Забирать меня приехала сестра моя Фрида, и было это холодным и морозным, то есть вполне соответствующим обстоятельствам, утром. С собой она внесла дух молчаливого неодобрения, а также чемодан с одеждой, в которую мне следовало переодеться перед окончательным выходом во внешний мир.

Плавного нарастания впечатлений от новой жизни не получилось, потому что первым мощным потрясением стало для меня знакомство с комплектом нижнего белья. Откровенно говоря, от одного его вида я пришла в ужас.

Привычные для меня предметы гардероба создавались в соответствии с эстетикой четырнадцатого века, когда считалось, что уютный толстый «кокон» из грубой и колючей саржи следует надевать как можно ближе к телу. Мои нижние рубашки, в бытность новыми, доставали мне почти до щиколоток. Однако благодаря частым стиркам и небрежной штопке они очень быстро скукоживались и становились такими жесткими, что чуть ли не стояли сами по себе. Корсажи были с лямками на плечах и твердыми косточками внутри, они совершенно скрывали очертания фигуры, сверху надевались сразу два длинных саржевых подъюбника, которые закреплялись на талии. Потом надо было надеть просторный хабит из тяжелой ткани, на него сверху льняной воротник и как следует накрахмаленный барбет из тонкого полотна, тщательно уложенный на шее в складочки и защипы.
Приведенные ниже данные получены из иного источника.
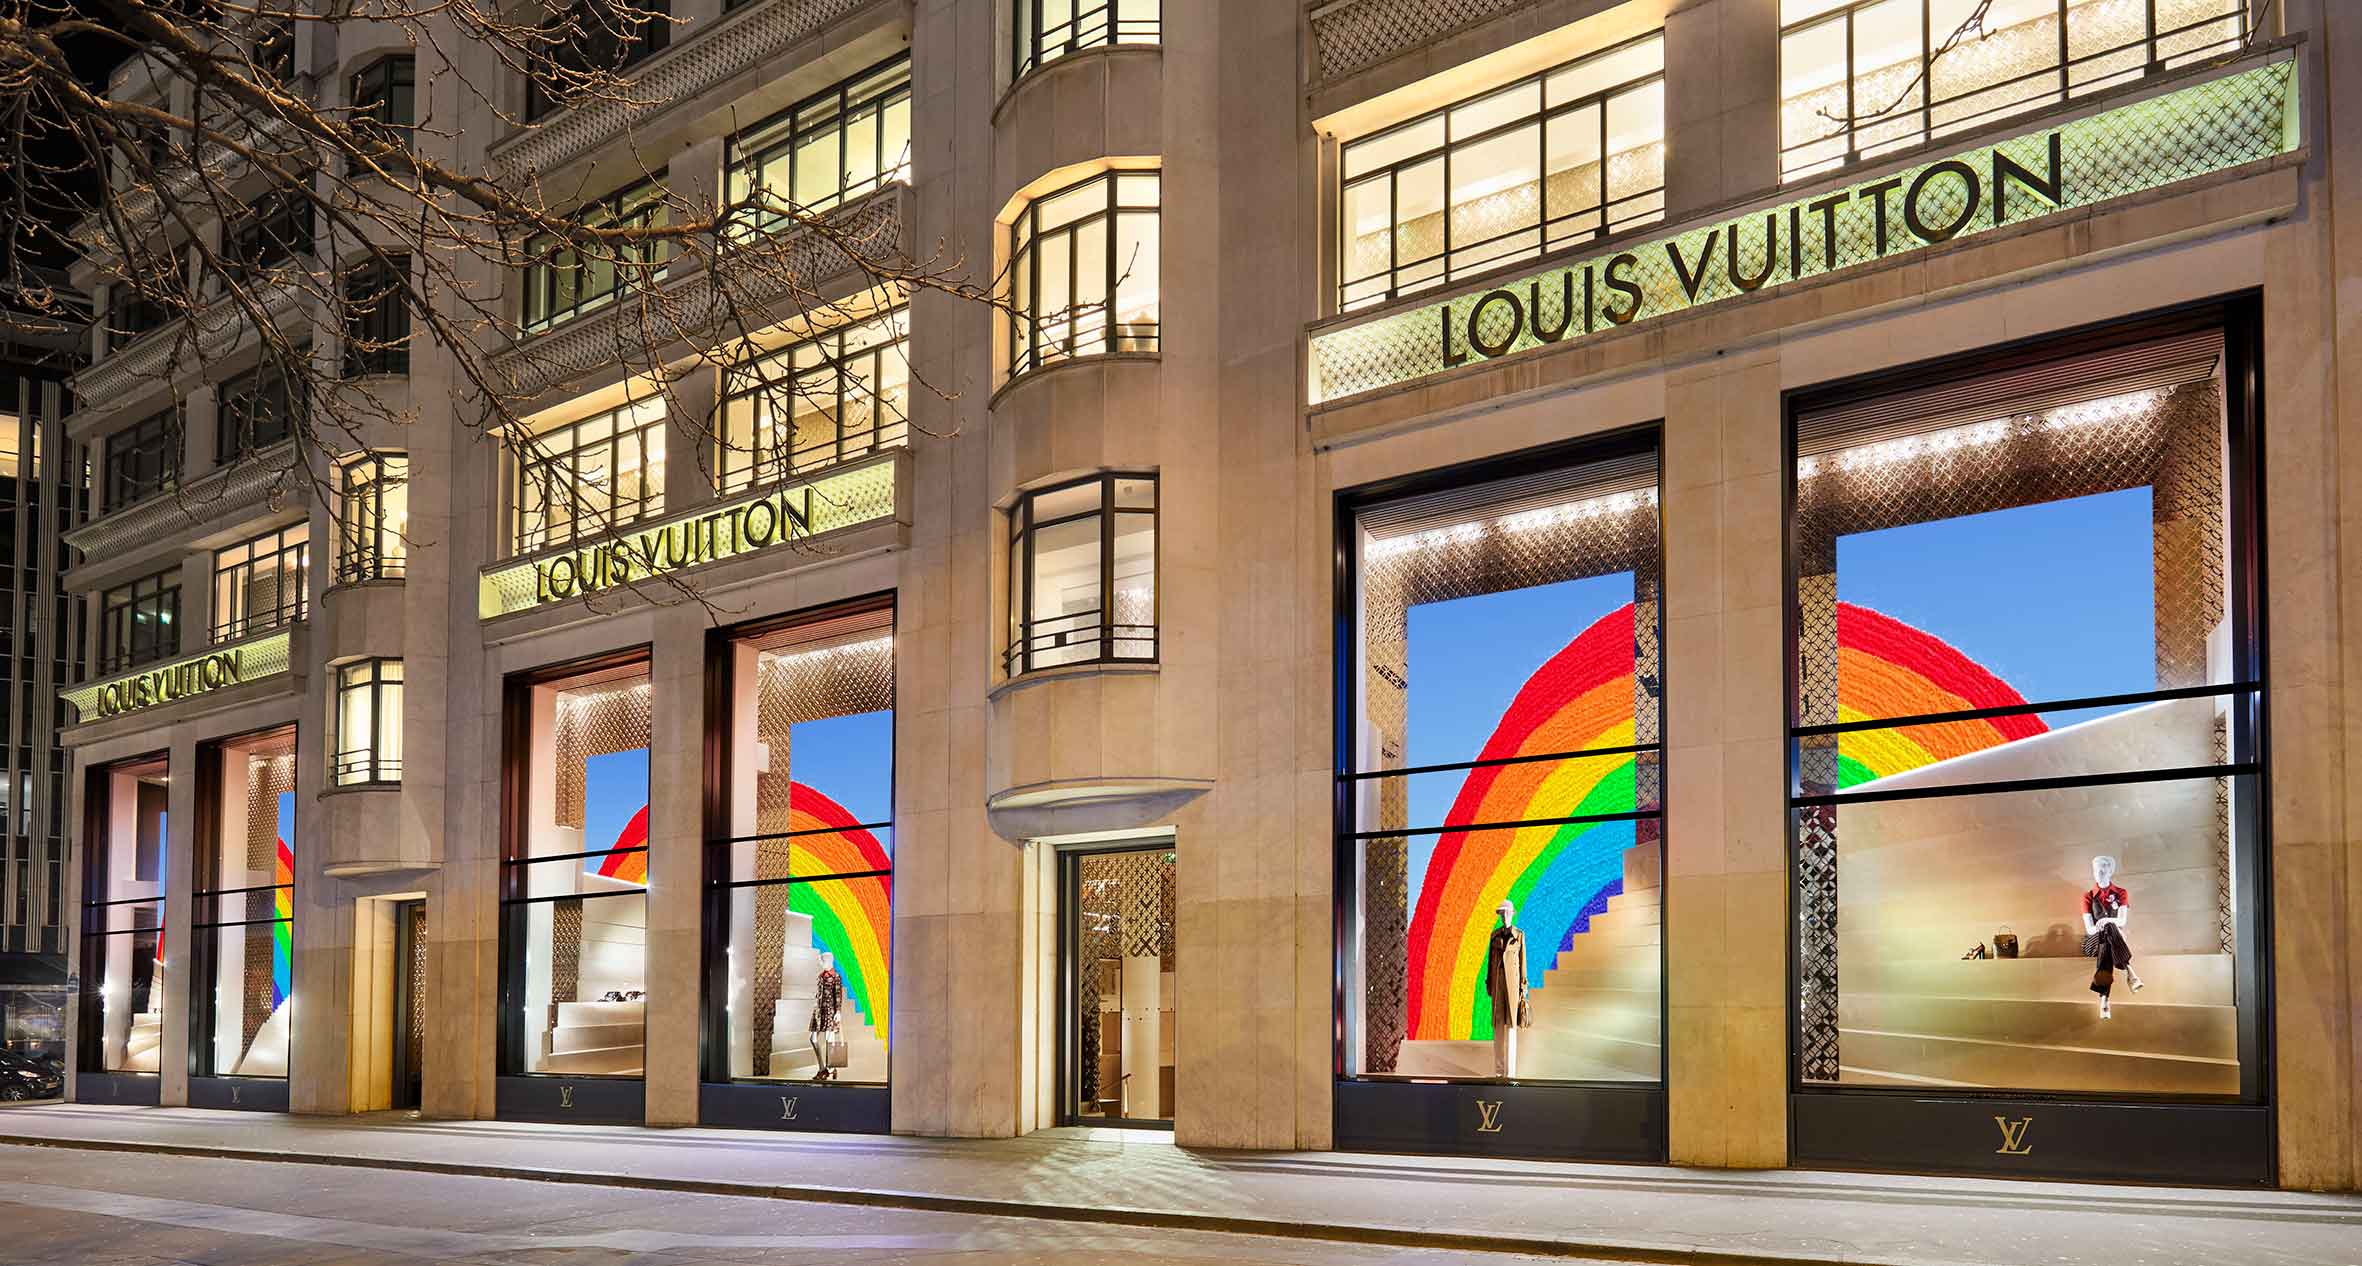 The Rainbow Project: La iniciativa de Louis Vuitton para despertar la esperanza y los sueños

Поэтому когда моя сестра выдала мне комплект чего-то невесомого, по размеру и весу больше похожего на паутину, мной овладело сильное замешательство.

Она сказала, «Вот тебе основа гардероба. Вообще-то сейчас носят только трусики и бюстгальтер, но сегодня холодно и я решила, что сорочка тебе не помешает».

Я принялась рассматривать то, что мне выдали, вспоминая нижнее белье образца 1914 года. В те времена «порядочной» девушке полагалось сначала надеть длинную шерстяную комбинацию под горлышко и с длинными рукавами, украшенную рядом перламутровых пуговичек на лифе...

Потом мне вручили современную версию корсета. Он представлял собой простую полоску эластичной ткани, с устрашающим количеством подвязок. По сравнению с четырнадцатым веком - большой прогресс, подумалось мне. Единственный недостаток этой вещи заключался в том, что надевать ее надо было как змеиную кожу - через голову, ибо ни единой застежки у нее не имелось.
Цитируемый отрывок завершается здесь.